__Data__
*** Block opens ***
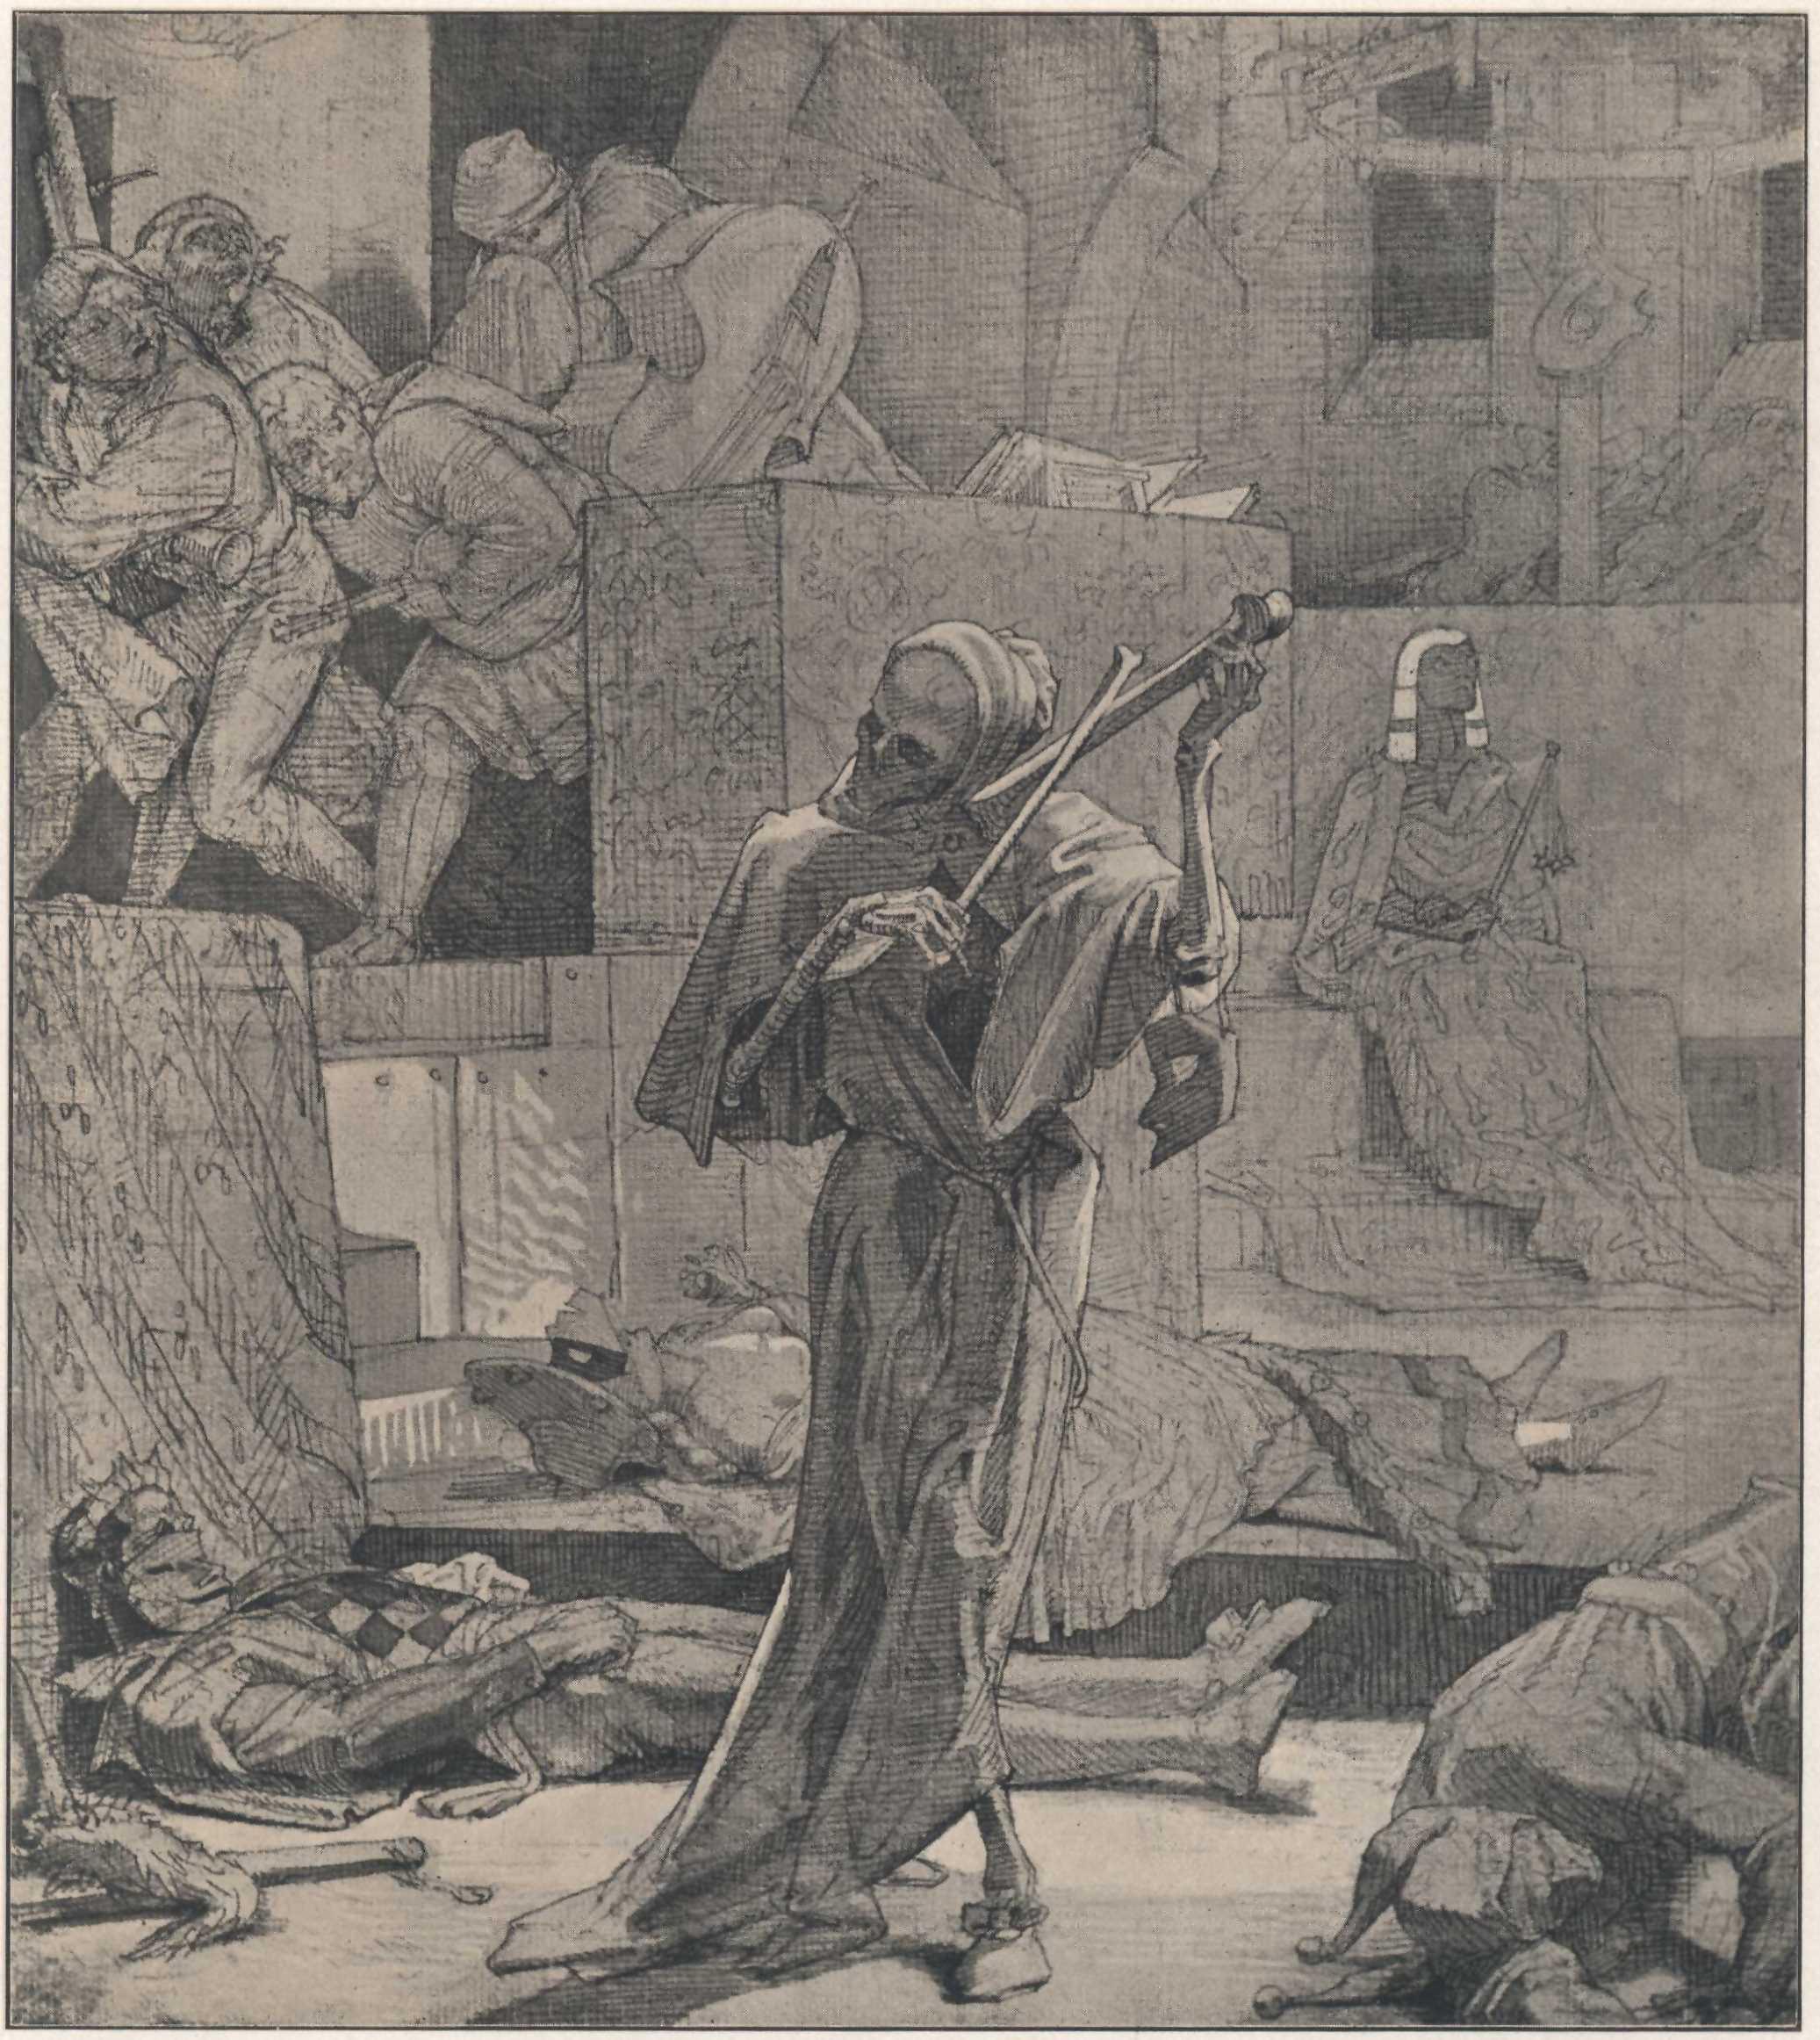 Alfred Rethel 1847 La Mort comme etrangleur Tod als Erwurger
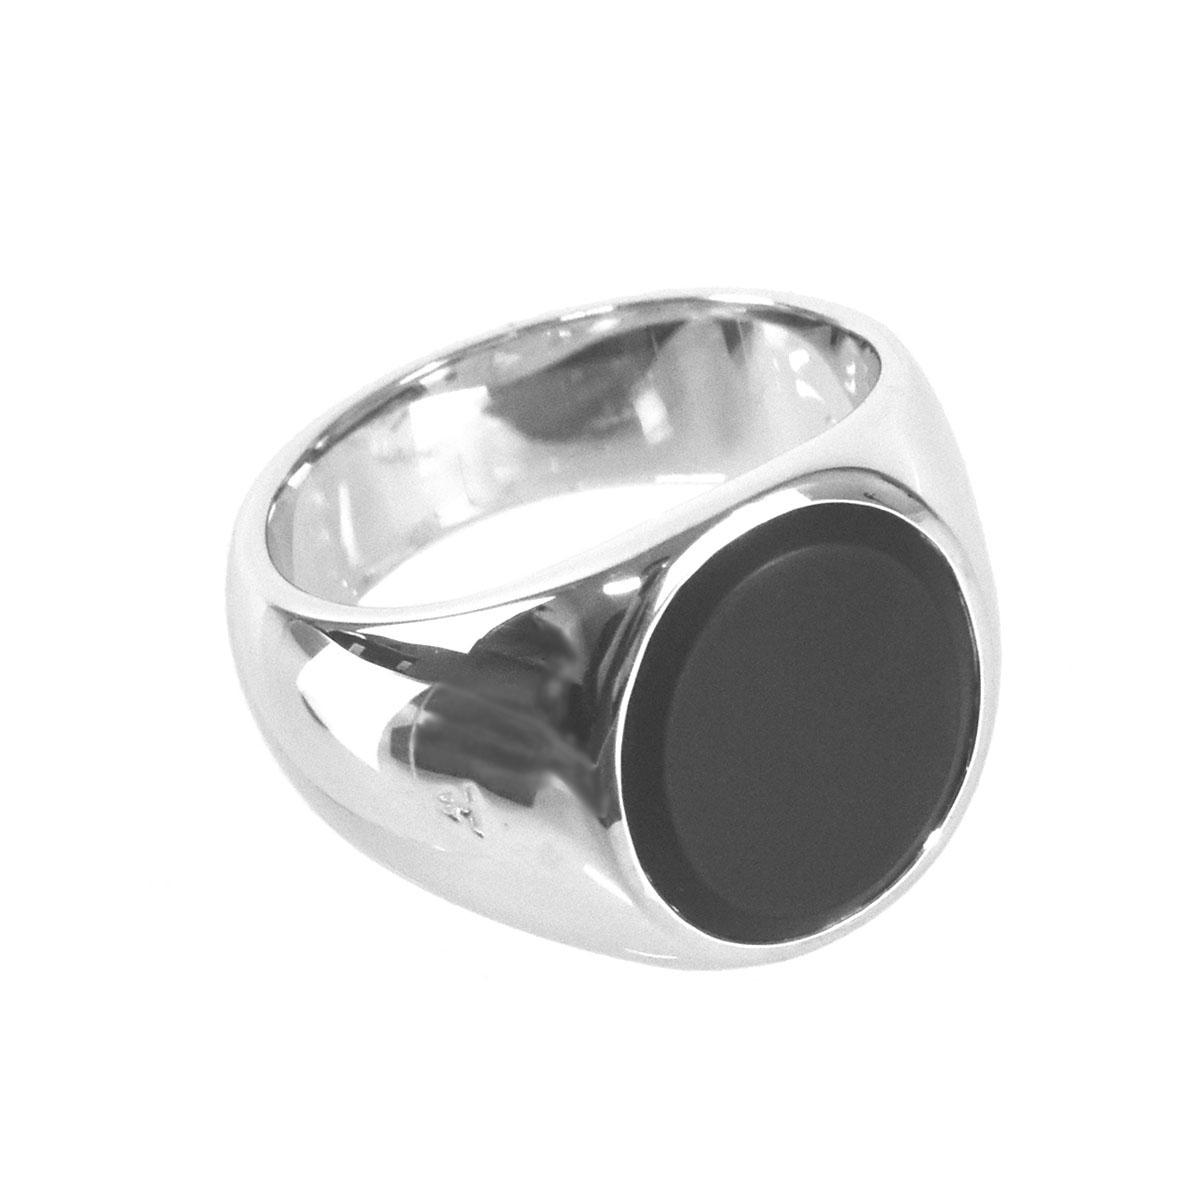 送料無料 あす楽対応 トムウッド TOM WOOD リング 指輪 メンズ シルバー ブラックオニキス BLACK ONYX R74IEMBO01S925 天然石 OVAL ジュエリー シルバー925 アクセサリー ブラック 直輸入品激安 M 未使用品
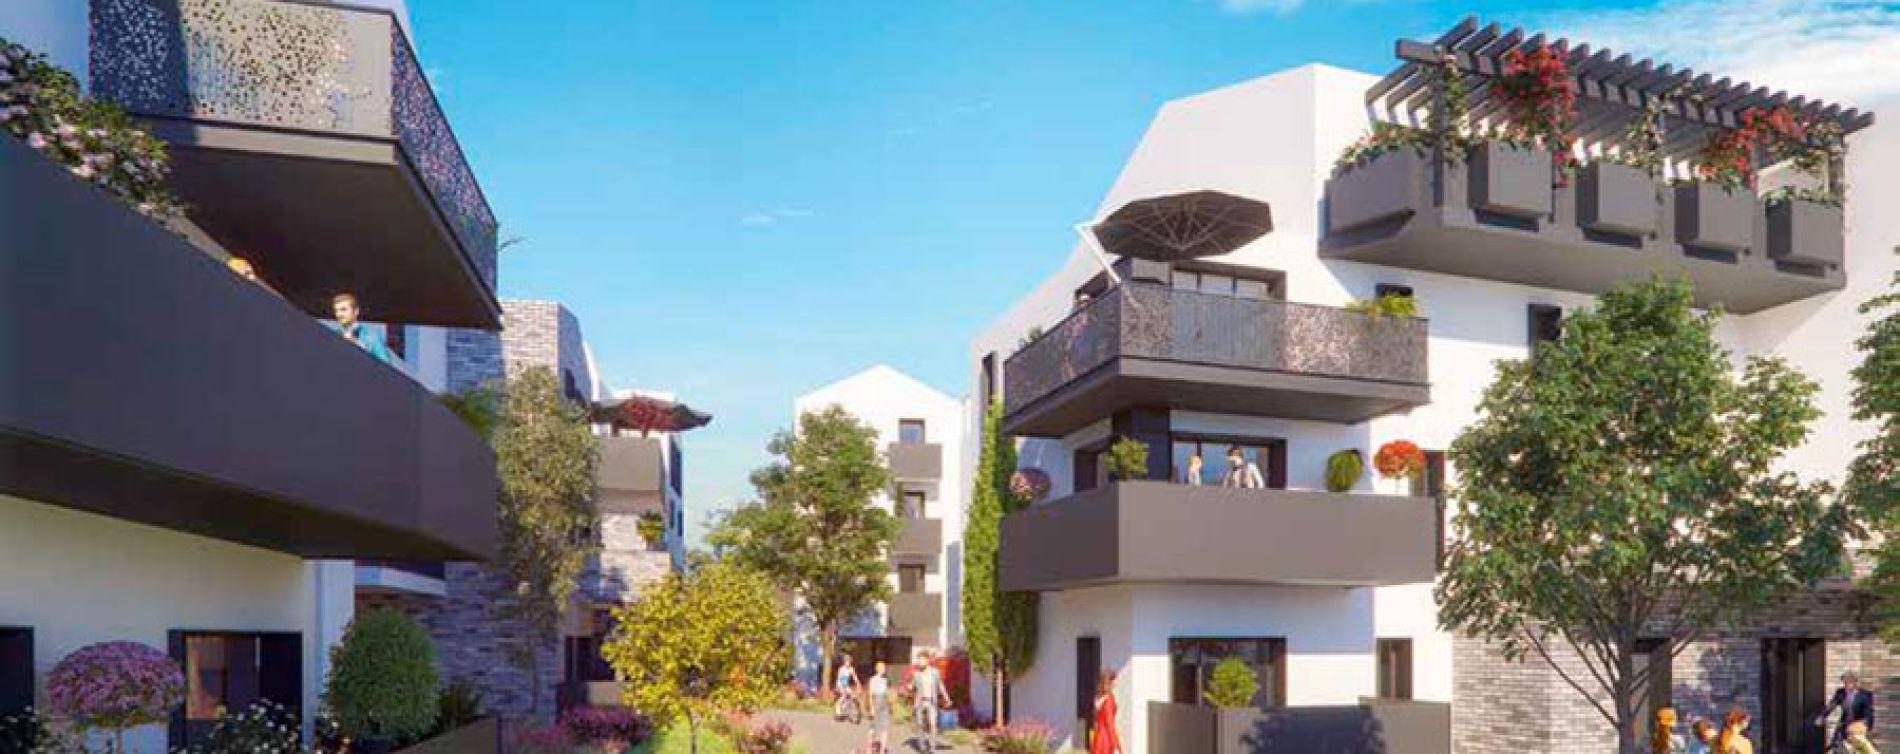 Mérignac : programme immobilier neuve « Programme immobilier n°213058 » (2)
*** Block closes ***
__Task requirements__
The pictures are not wanted, but every line of the listing should be duplicated exactly.

__Solution to the exercise__
 Alfred Rethel 1847 La Mort comme etrangleur Tod als Erwurger
 送料無料 あす楽対応 トムウッド TOM WOOD リング 指輪 メンズ シルバー ブラックオニキス BLACK ONYX R74IEMBO01S925 天然石 OVAL ジュエリー シルバー925 アクセサリー ブラック 直輸入品激安 M 未使用品
 Mérignac : programme immobilier neuve « Programme immobilier n°213058 » (2)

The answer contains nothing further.